▶ [Work instruction]: Nothing but the pictures may be left out. Restate the rest of the entries word for word.

▶ [Record excerpts]:
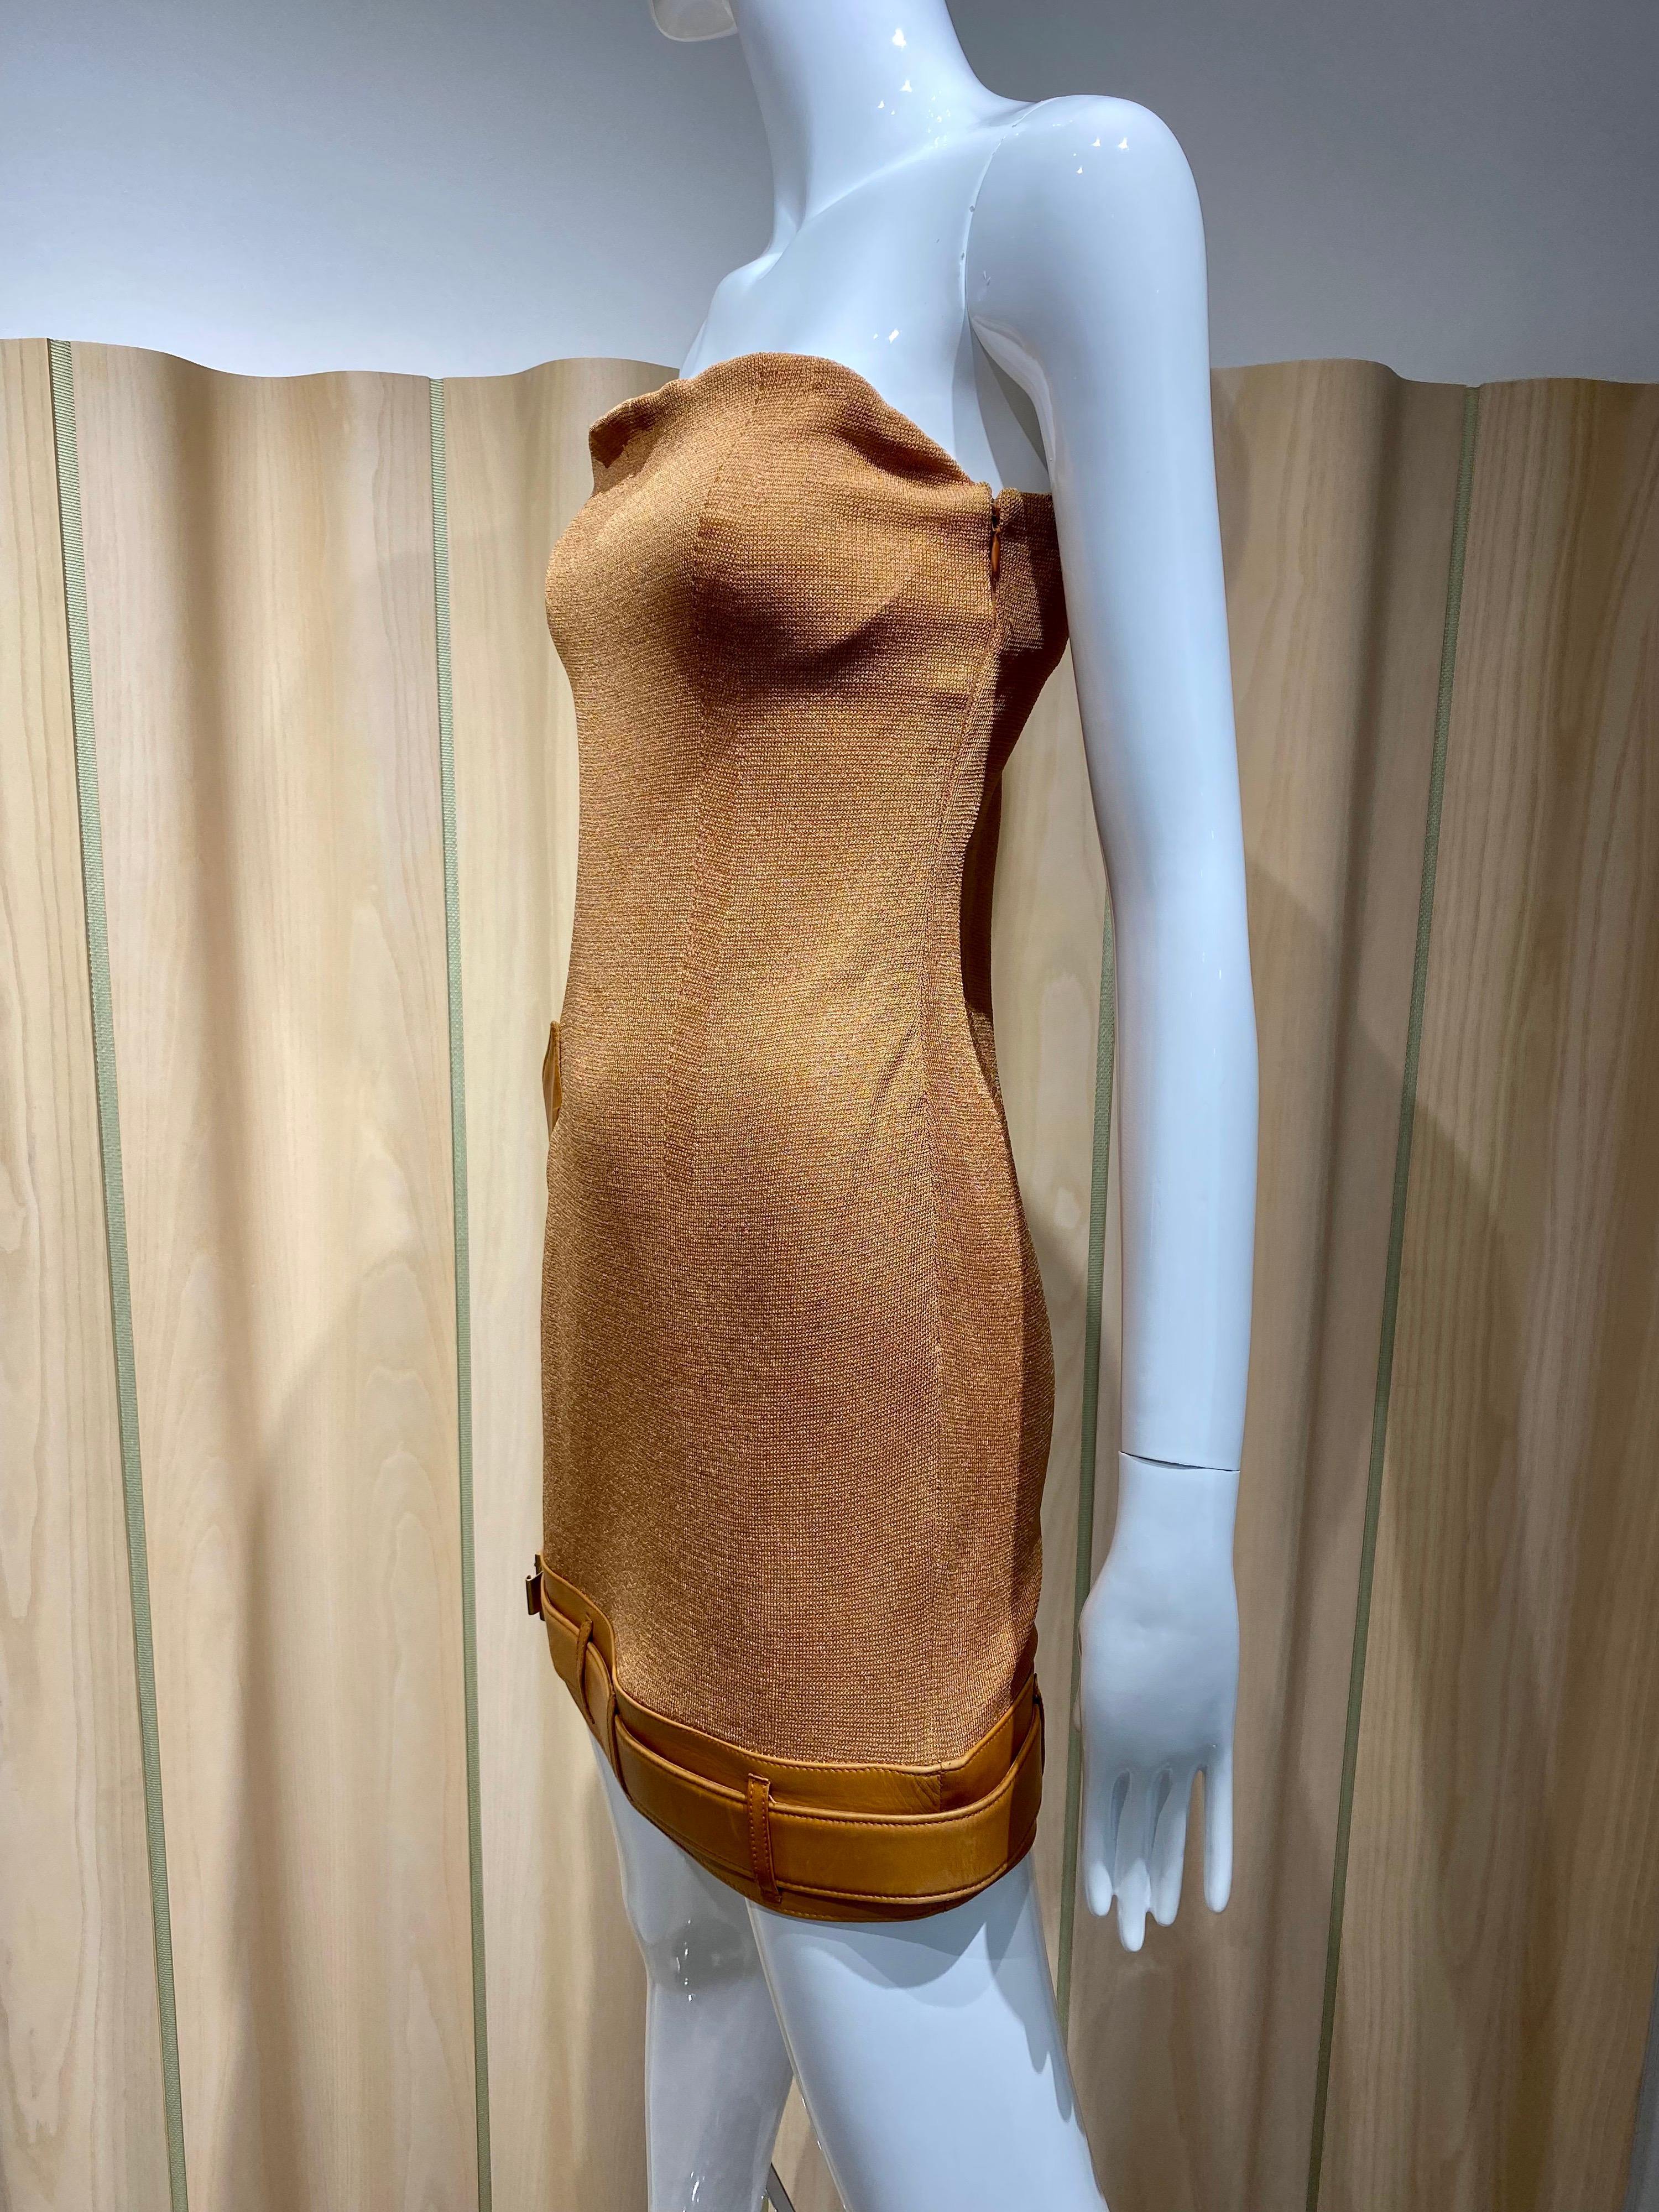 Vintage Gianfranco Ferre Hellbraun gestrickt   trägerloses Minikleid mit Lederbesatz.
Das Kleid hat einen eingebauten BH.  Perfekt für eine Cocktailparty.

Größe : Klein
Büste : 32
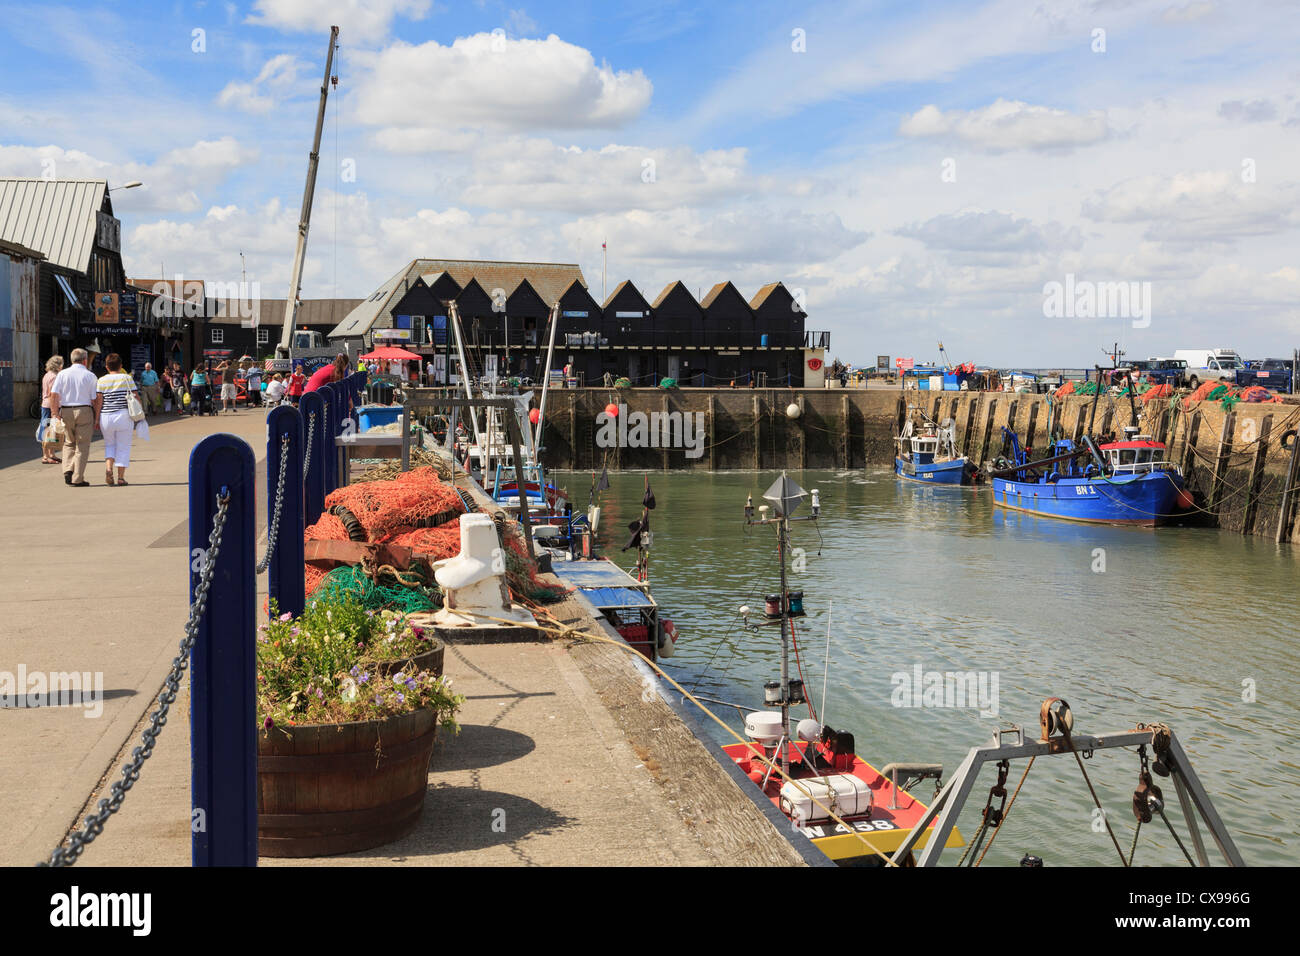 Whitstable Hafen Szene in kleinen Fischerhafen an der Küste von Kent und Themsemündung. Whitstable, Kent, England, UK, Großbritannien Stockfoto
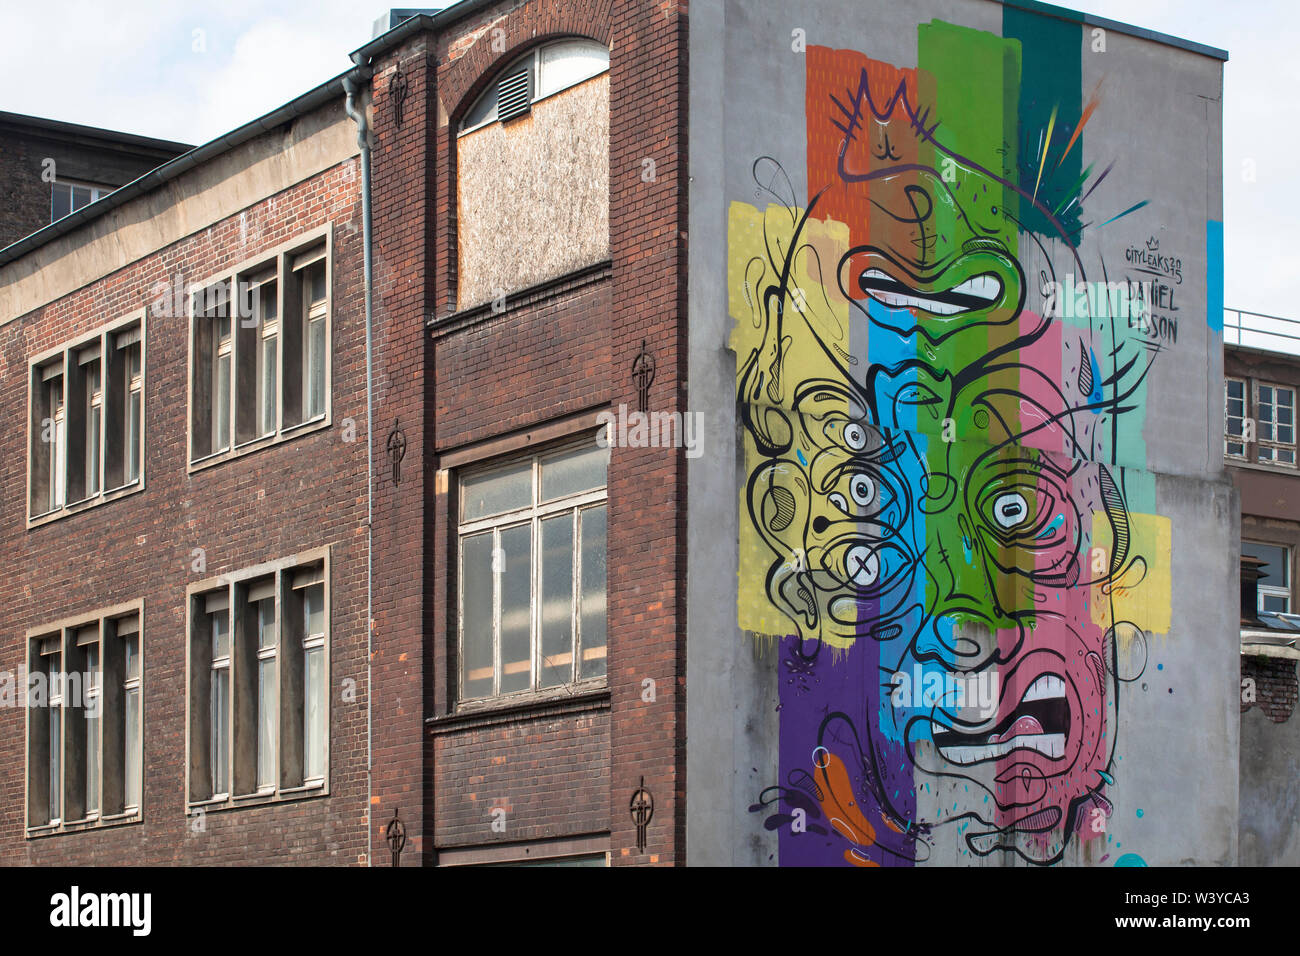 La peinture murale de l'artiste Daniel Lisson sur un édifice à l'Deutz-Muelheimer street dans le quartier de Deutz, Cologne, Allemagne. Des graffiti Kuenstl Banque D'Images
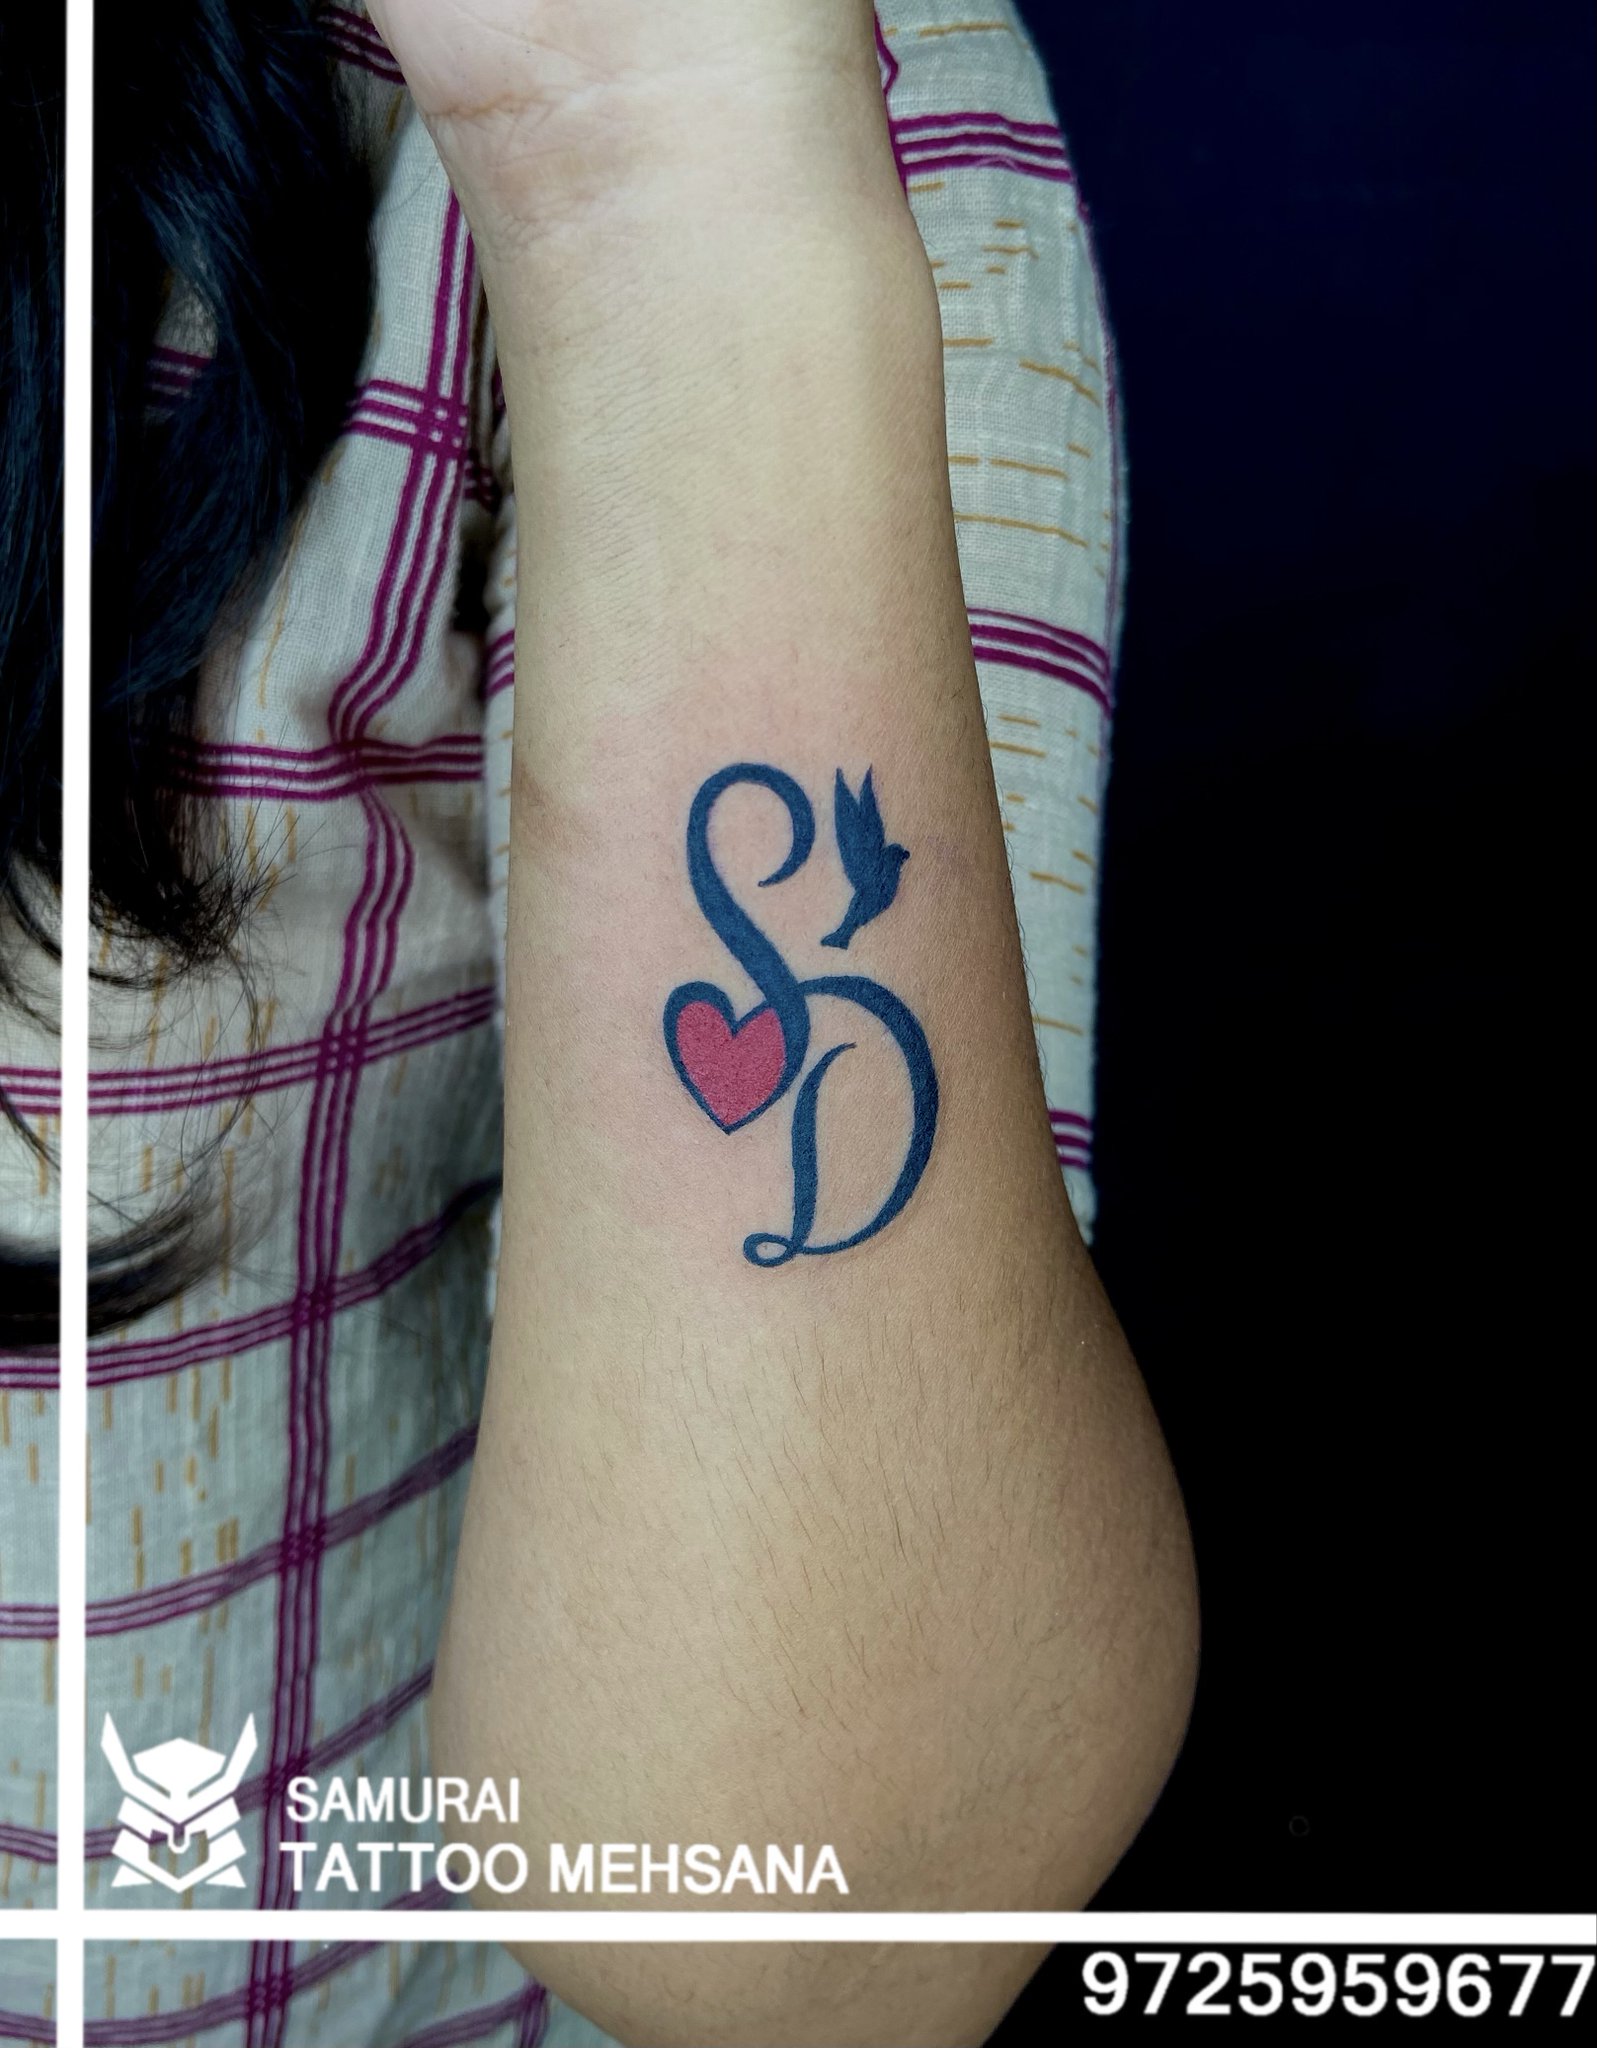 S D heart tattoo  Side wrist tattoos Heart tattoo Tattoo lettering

▶ [Result of the task]:
 Vintage Gianfranco Ferre Hellbraun gestrickt   trägerloses Minikleid mit Lederbesatz.
Das Kleid hat einen eingebauten BH.  Perfekt für eine Cocktailparty.

Größe : Klein
Büste : 32
 Whitstable Hafen Szene in kleinen Fischerhafen an der Küste von Kent und Themsemündung. Whitstable, Kent, England, UK, Großbritannien Stockfoto
 La peinture murale de l'artiste Daniel Lisson sur un édifice à l'Deutz-Muelheimer street dans le quartier de Deutz, Cologne, Allemagne. Des graffiti Kuenstl Banque D'Images
 S D heart tattoo  Side wrist tattoos Heart tattoo Tattoo lettering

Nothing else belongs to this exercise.